Who is in whose face in these threads from the beginning?

So, yes, as Mac says - there is a lot of irony here if one cares to look. I've had a different name for it, but I'm glad someone else sees it.

A comment was made a while back about "the prisoner (me) not liking the terms of his punishment" after I'd complained that I couldn't respond to this stuff because of my probation. I think that post was deleted by a mod, but I think it clearly shows the underlying mentality and irony here.

I understand full well that people should be able to post where ever they'd like. I have no problem with any of these guys posting in whatever thread they want. But *if we are really concerned with "in your face posting" and "bullying"* - let's at least look at things through a clear lens and be fair about it.

That's all I ask.

Thanks.


----------



## MarkofSeaLife (Nov 7, 2010)

Eyes lift upwards.




.


----------



## dinosdad (Nov 19, 2010)

As a outlier who basically uses the Internet and its forums as a tool not unlike a wrench or pair of pliers , I seldom post , but what I can't understand is if you don't like smack ( or anyone else's posting style , font usage , editing , boat choice , ideas or even the way they make their coffee ) why don't you , the viewer , reader , simply go to your user control panel and put them on ignore - done , no more posts that annoy you , no more posts that don't align with your beliefs . If you don't like a person local to you , do you go over to their house to argue ?
No , you dismiss them from your social circle and move on , you don't go to city hall crying like four year olds in kindergarten to the town council to banish them from the village . I have many people on ignore, I had to "click view to see post "so many times on this thread from all the people who are on my ignore list , all of whom have far more sailing experience than I will ever have but have displayed so much holier than thou attitude in the past I banished them to my personal purgatory over time ( not smacky btw, I rather enjoy reading about different ideas that go against the tide of mass followed ideas and ideals and then see how they fit into my own situation) . I find it laughable that people think viewership is down due to one person ... forums ebb and flow with popularity , and usage , I recenty viewed a new subscriber post a idea about sealing chain plates with butyl from a caulking gun , a person who has obviously sailed far and wide with a fair amount of experience I'm willing to bet , get lambasted by someone here,(who ironically is lamenting a drop in forum posting) for suggesting something different than the norm ....doubt he'll be back , . I'm sure those that no longer post here for whatever reason and are missed by the masses are posting elsewhere and there's no ordinance or law that prevents one from viewing , perusing any of the other sailing sites , there are no oathes of loyalty taken to prevent one from clicking onto C.F. Or my fav S.A. , or any of the manufacturer brand forums . I apologize in advance for any spelling or grammatical errors I may have missed but I have seen how editing posts gets some folks underwear knotted up so I'll be leaving it in its original format ......


----------



## Arcb (Aug 13, 2016)

dinosdad said:


> As a outlier who basically uses the Internet and its forums as a tool not unlike a wrench or pair of pliers , I seldom post , but what I can't understand is if you don't like smack ( or anyone else's posting style , font usage , editing , boat choice , ideas or even the way they make their coffee ) why don't you , the viewer , reader , simply go to your user control panel and put them on ignore - done ,


I have been experimenting with the ignore feature a bit, and I do like it.

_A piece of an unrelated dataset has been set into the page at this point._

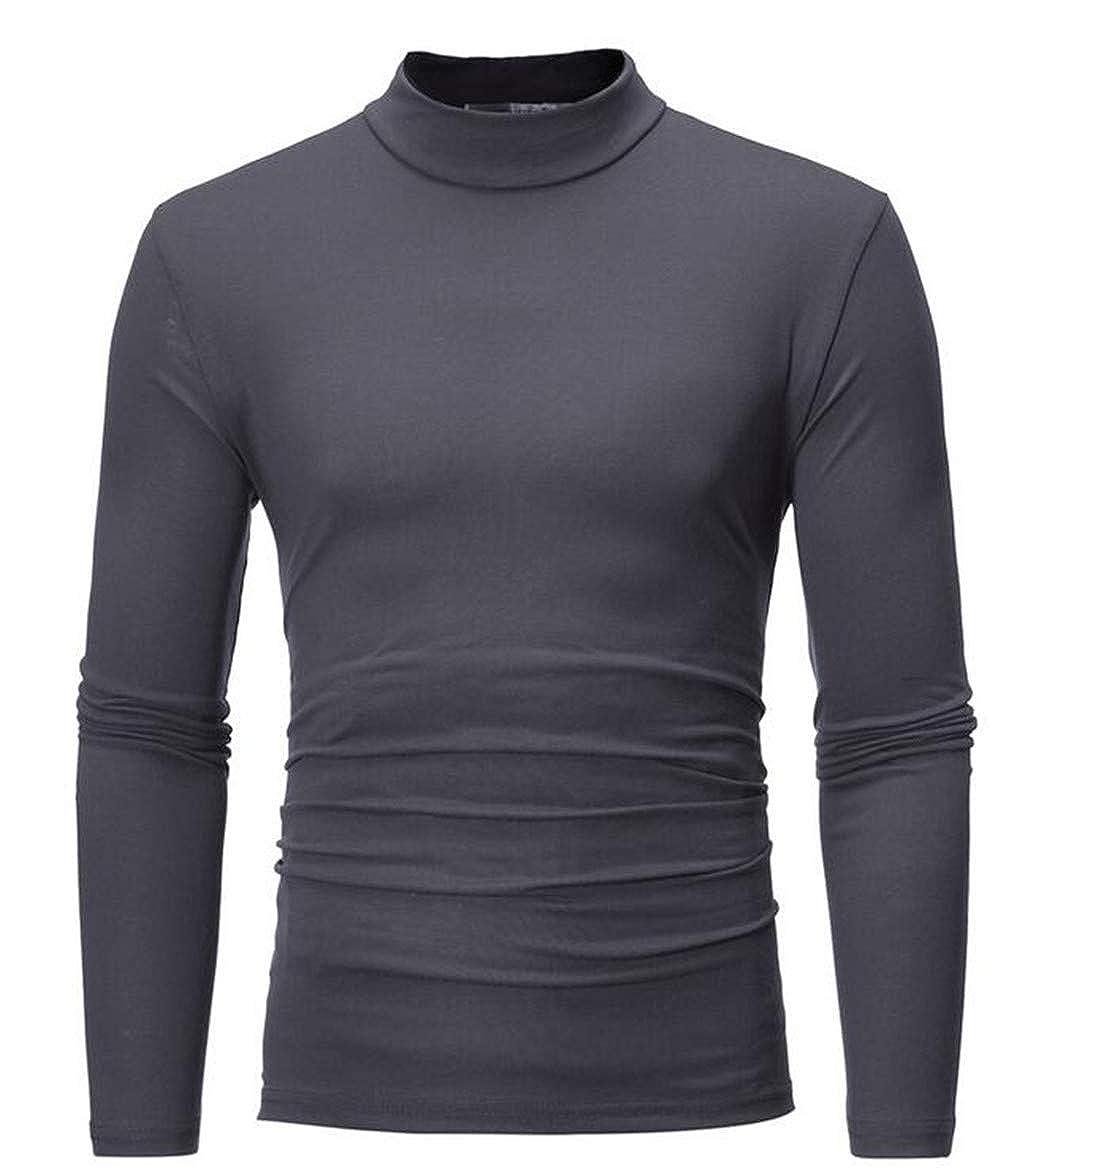 GRMO Men Autumn Mock Thermal Turtleneck Long Sleeve Basic Solid T Shirt
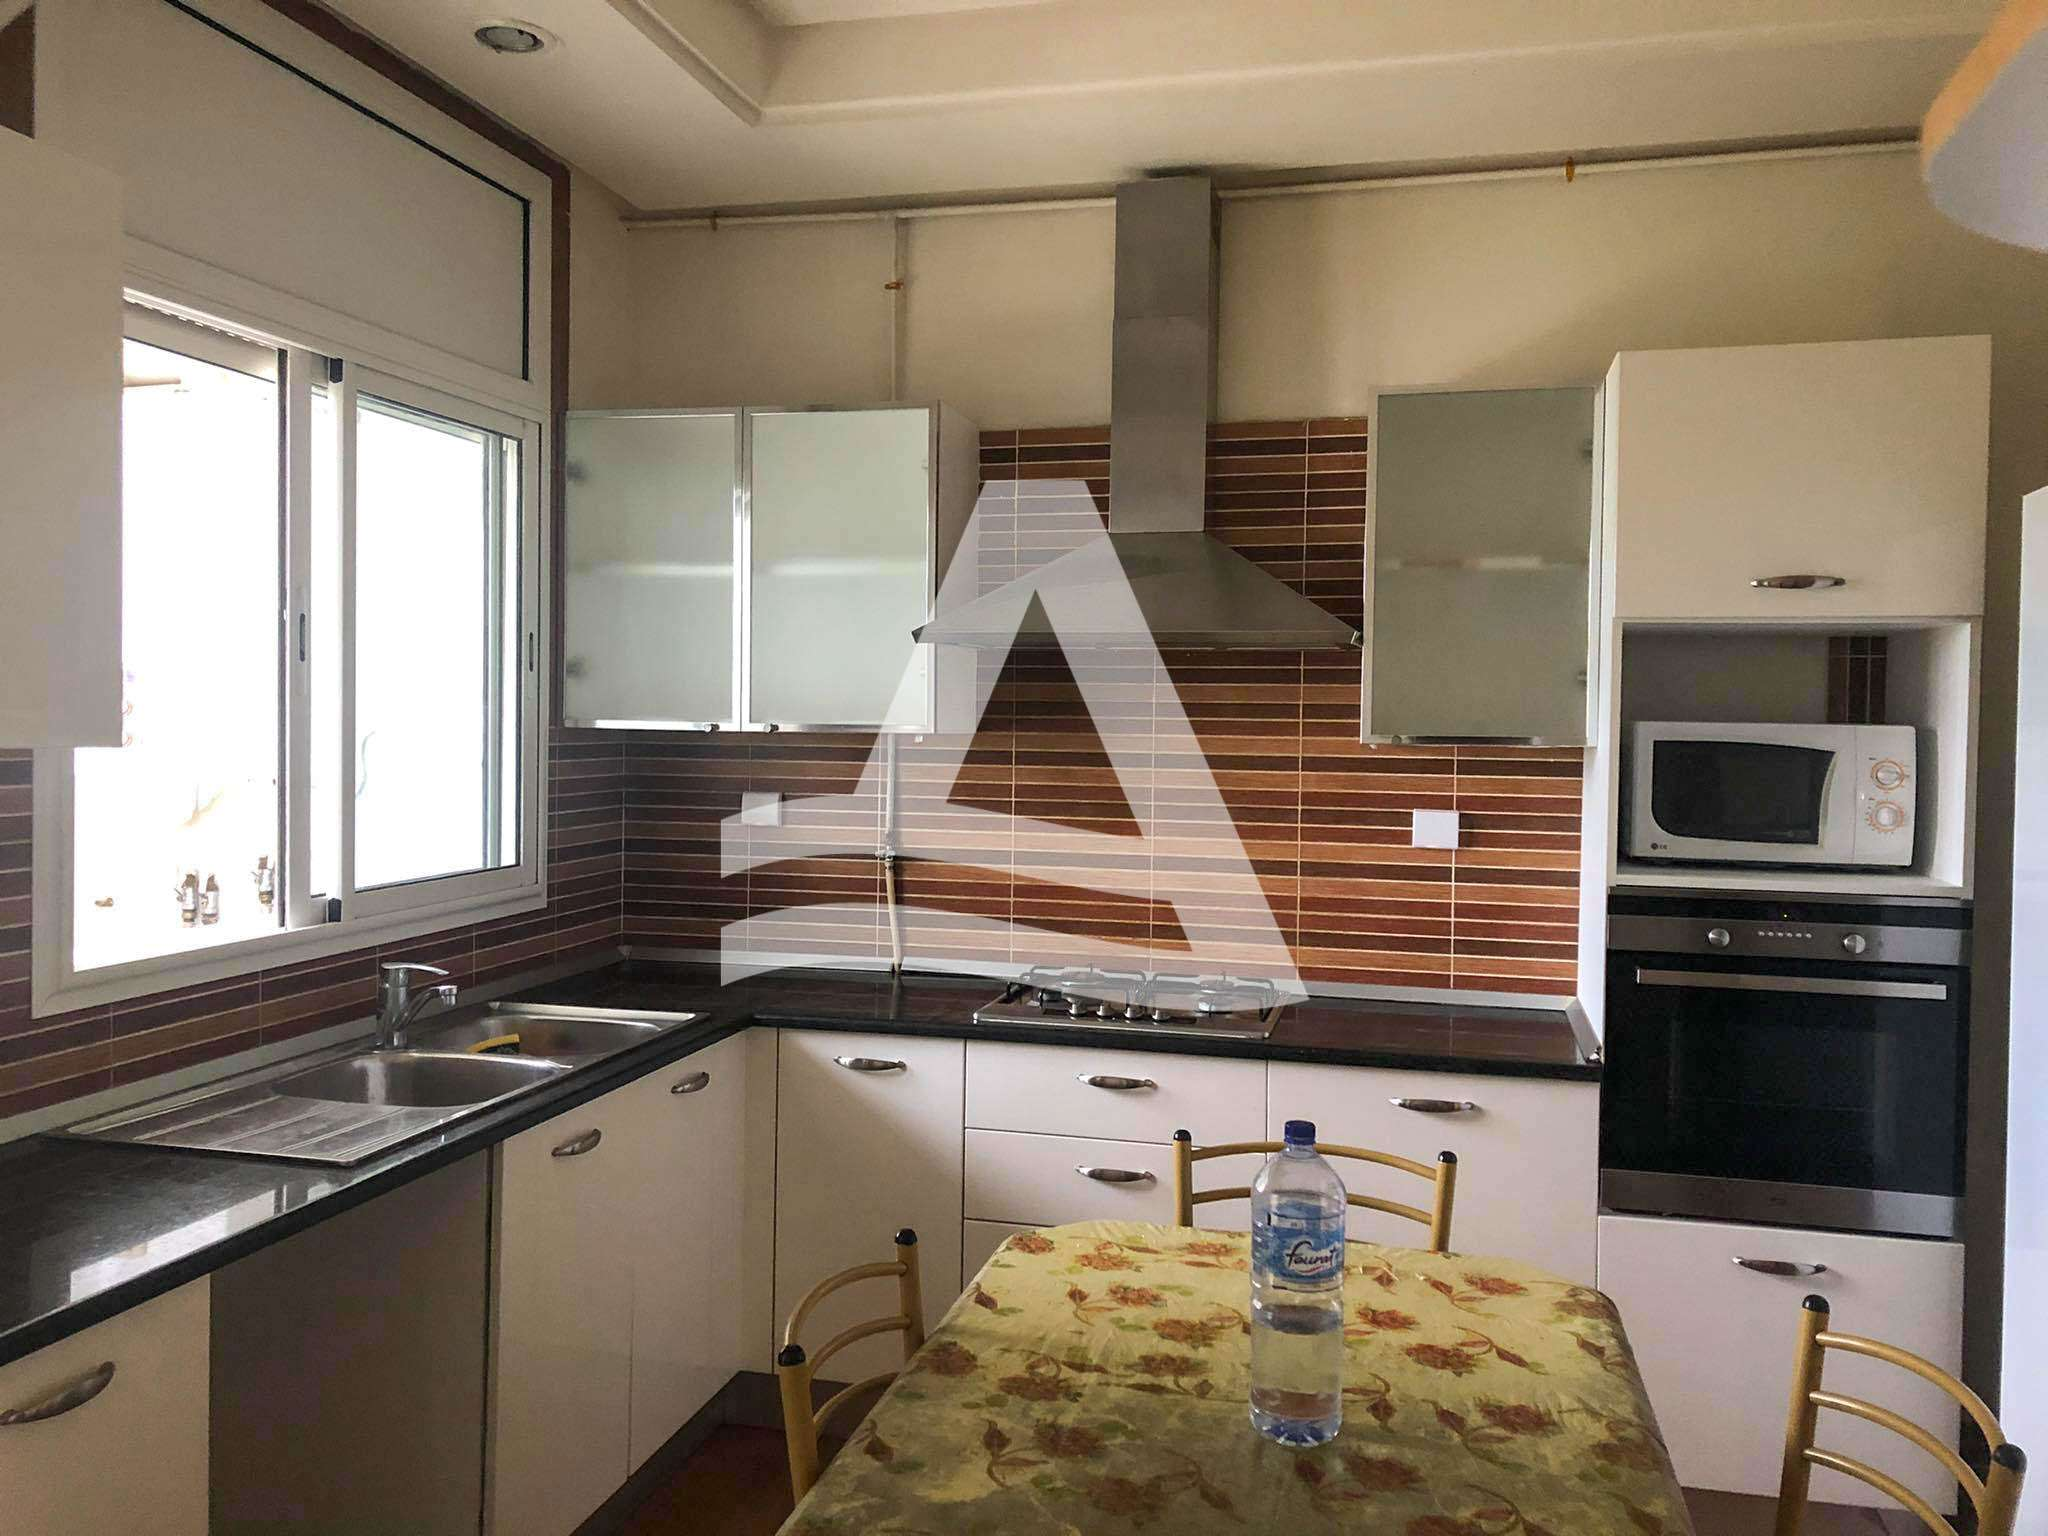 httpss3.amazonaws.comlogimoaws4845366271608282243appartement_jardin_de_carthage_13_sur_16

However, there are one or two posters who like to quote people, slice and dice their post up into a dozen little pieces and then attempt to prove every little detail of your post wrong. The goal is to annoy you and bore you into conceding, the fact thing is a red herring, there are rarely verifiable facts that prove anything. That posting style is kind of hard to ignore. For example, I quoted you in this response, and I bet you read my reply, whether you usually read my responses or not.

In this thread, %50 of the posts on the first page were from the same poster, targeting another poster, including the dissection of posts from 2012. The worst of the posts were deleted I assume by the moderators. For the people that haven't read the deleted posts, I can see how this conversation might seem a bit odd.

I have also noticed you don't get this type of stuff on the Facebook forums I am finding myself transitioning to, I am not sure what the difference is.


----------



## Don L (Aug 8, 2008)

MarkofSeaLife said:


> Eyes lift upwards.
> 
> .


To the the "Sailing with God" thread?????? :angel


----------



## dinosdad (Nov 19, 2010)

Arcb said:


> I have also noticed you don't get this type of stuff on the Facebook forums I am finding myself transitioning to, I am not sure what the difference is.


Have you found any Facebook pages that ...I guess the best term would be get technical? Like the questions and answers we see on dedicated web forums . Most of the FB pages I frequent are of the post a cool pic or local " anyone have a used outboard for sale type questions . It does provide a easy to use format for posting pictures and comments so I do see it as a growth area , as it provides one stop "shopping " , see what friends and family are up to , some funny pet pictures , hobby based pages (sailing etc) ... but man when beneteau posts a video... overly handsome masculine male pulling up to the docks in his high end sports car , hopping aboard his 50+ft boat with his stunningly beautiful wife/girlfriend , perfect weather , incredible background .... then click, I turn my phone off and resume slopping on a coat of bottom paint while drinking a Luke warm beer and eating a underwhelming sandwich...ahh , fantasy meets head on with reality .


----------



## Arcb (Aug 13, 2016)

I agree with you Dinosdad, to me sailnet is hands down the best general technical sailing site. Its a nice mix of very experienced sailors, marine professionals, beginners with great ideas or insite from their profession (For example, as a trailer sailor, I love the posts by guys who trailer things for a living) and everything in between.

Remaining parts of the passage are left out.